**RECORDED INFORMATION**
══════════════════════════════
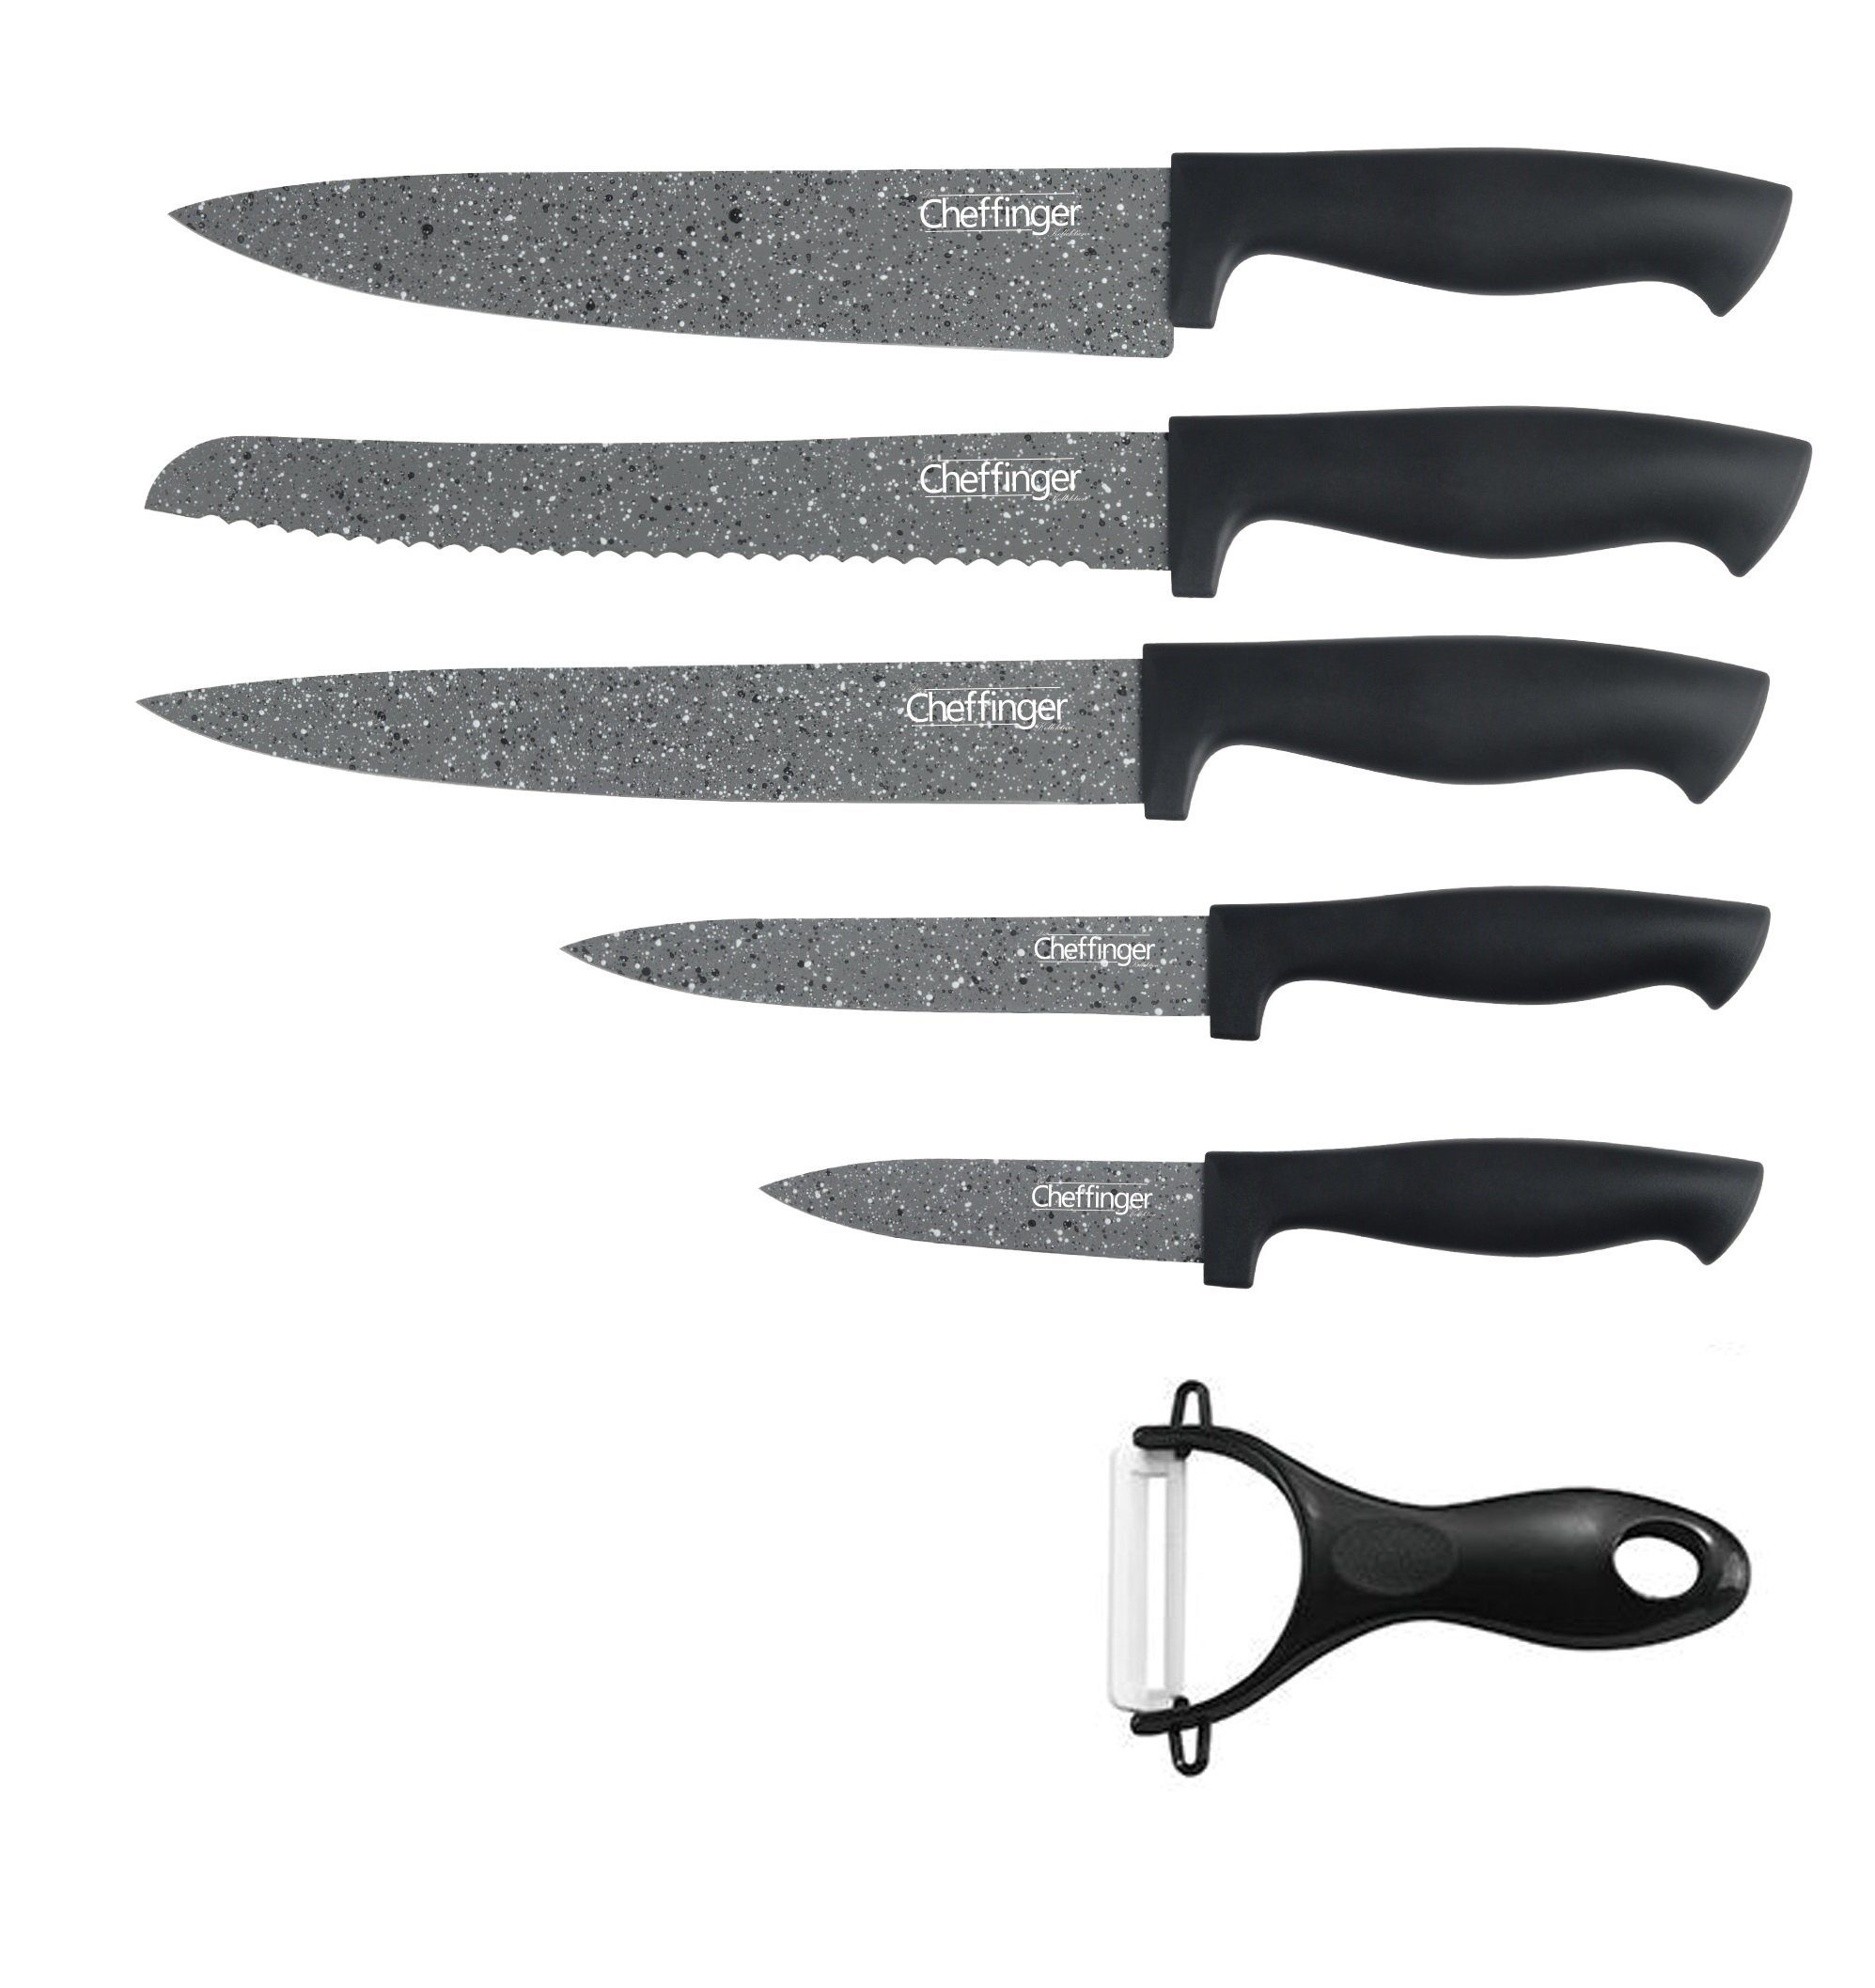 Cheffinger Messer-Set 6 teiliges Messerset (5 Messer & 1 Sparschäler) in Klappbox mit Magnetverschluss scharfe Messerklingen Küchenmesser Chefmesser Pizzamesser grau
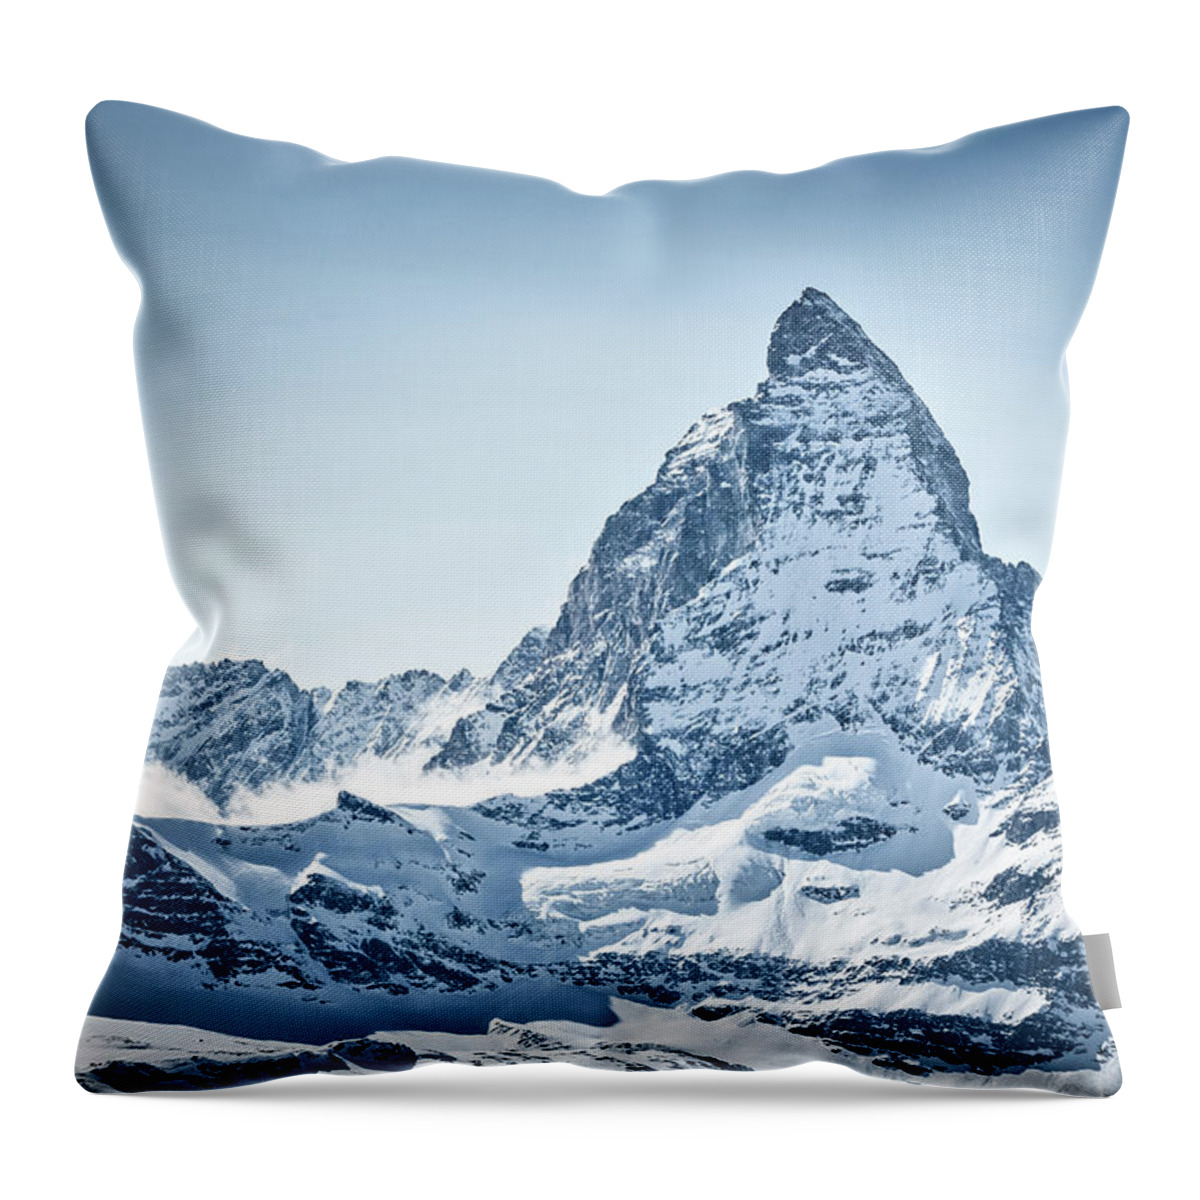 Resolution Throw Pillow featuring the photograph Matterhorn by Rick Deacon
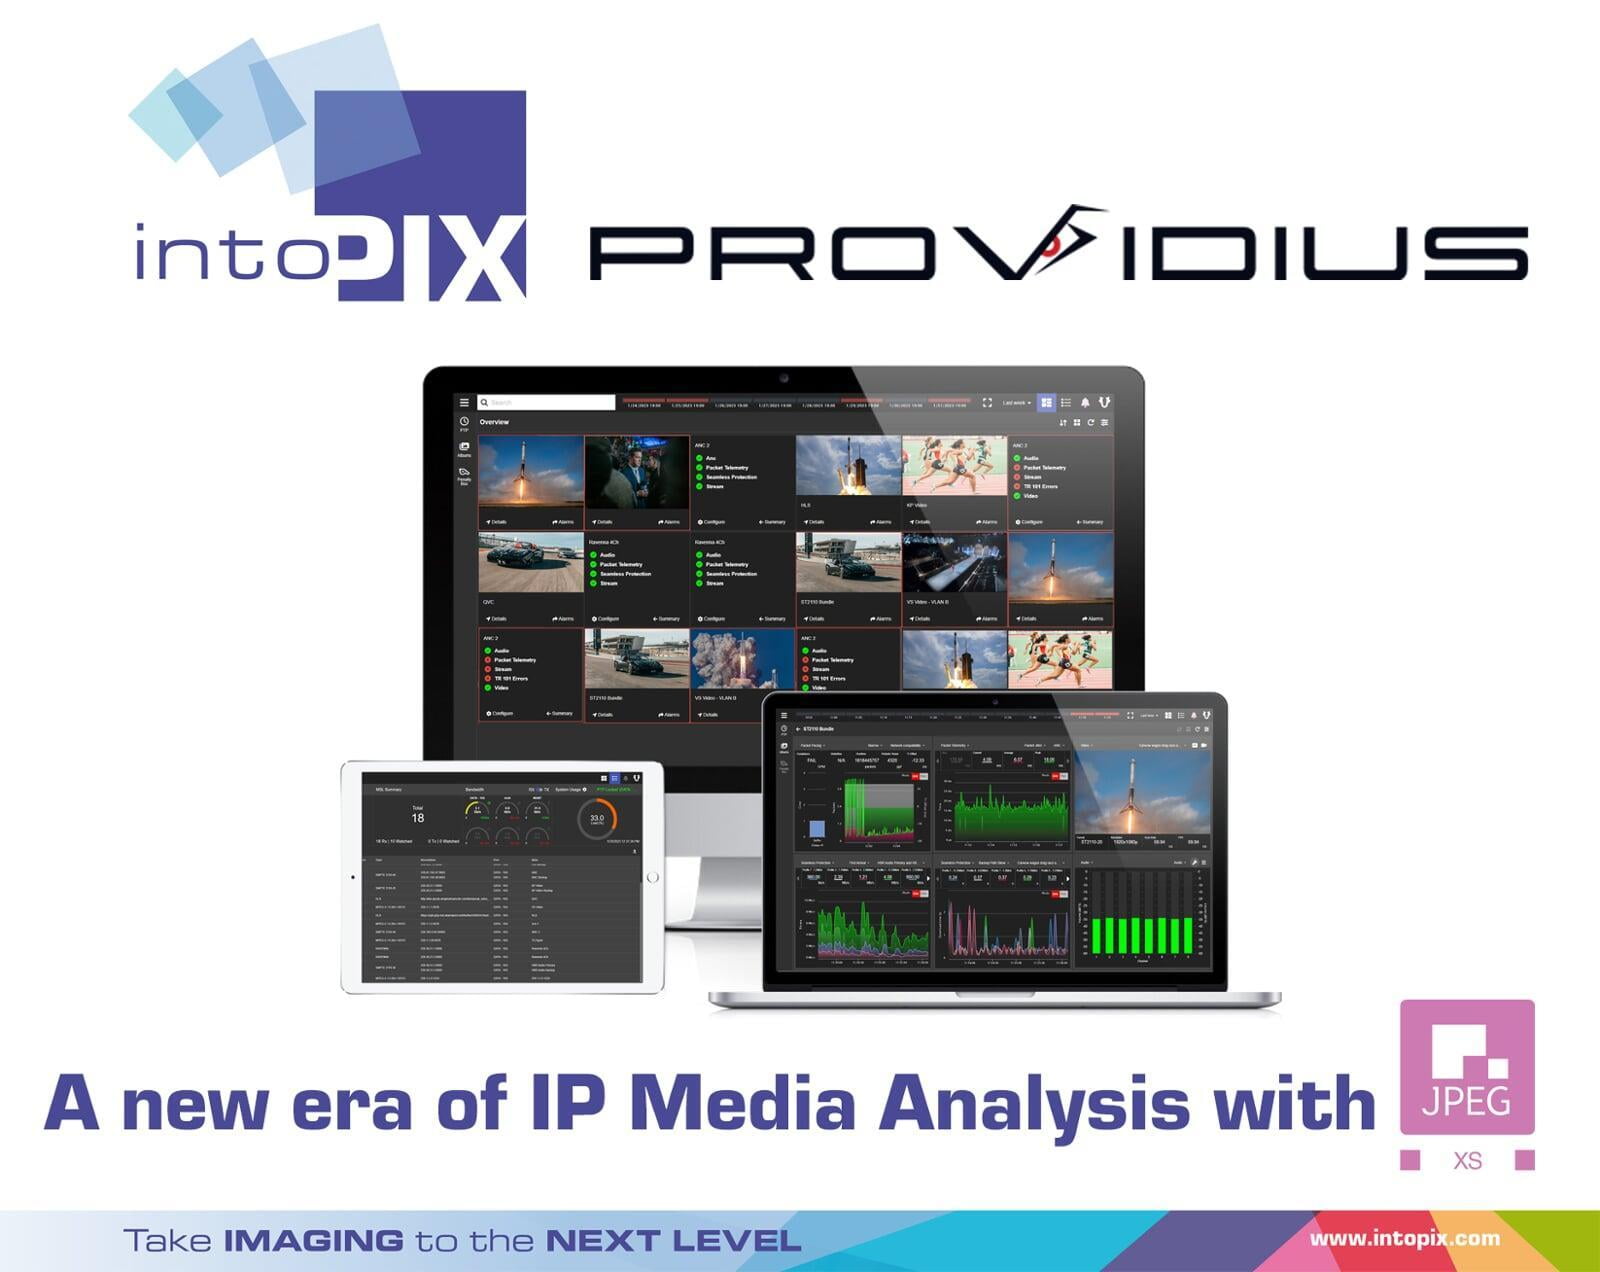 Providius가 판도를 바꾸는 intoPIX JPEG XS 코덱을 추가하여 IP 미디어 분석의 새로운 시대를 예고합니다.
══════════════════════════════
**DIRECTIONS**
Return each line of the data, keeping its wording exact and omitting pictures.

**EXERCISE ANSWER**
 Cheffinger Messer-Set 6 teiliges Messerset (5 Messer & 1 Sparschäler) in Klappbox mit Magnetverschluss scharfe Messerklingen Küchenmesser Chefmesser Pizzamesser grau
 Resolution Throw Pillow featuring the photograph Matterhorn by Rick Deacon
 Providius가 판도를 바꾸는 intoPIX JPEG XS 코덱을 추가하여 IP 미디어 분석의 새로운 시대를 예고합니다.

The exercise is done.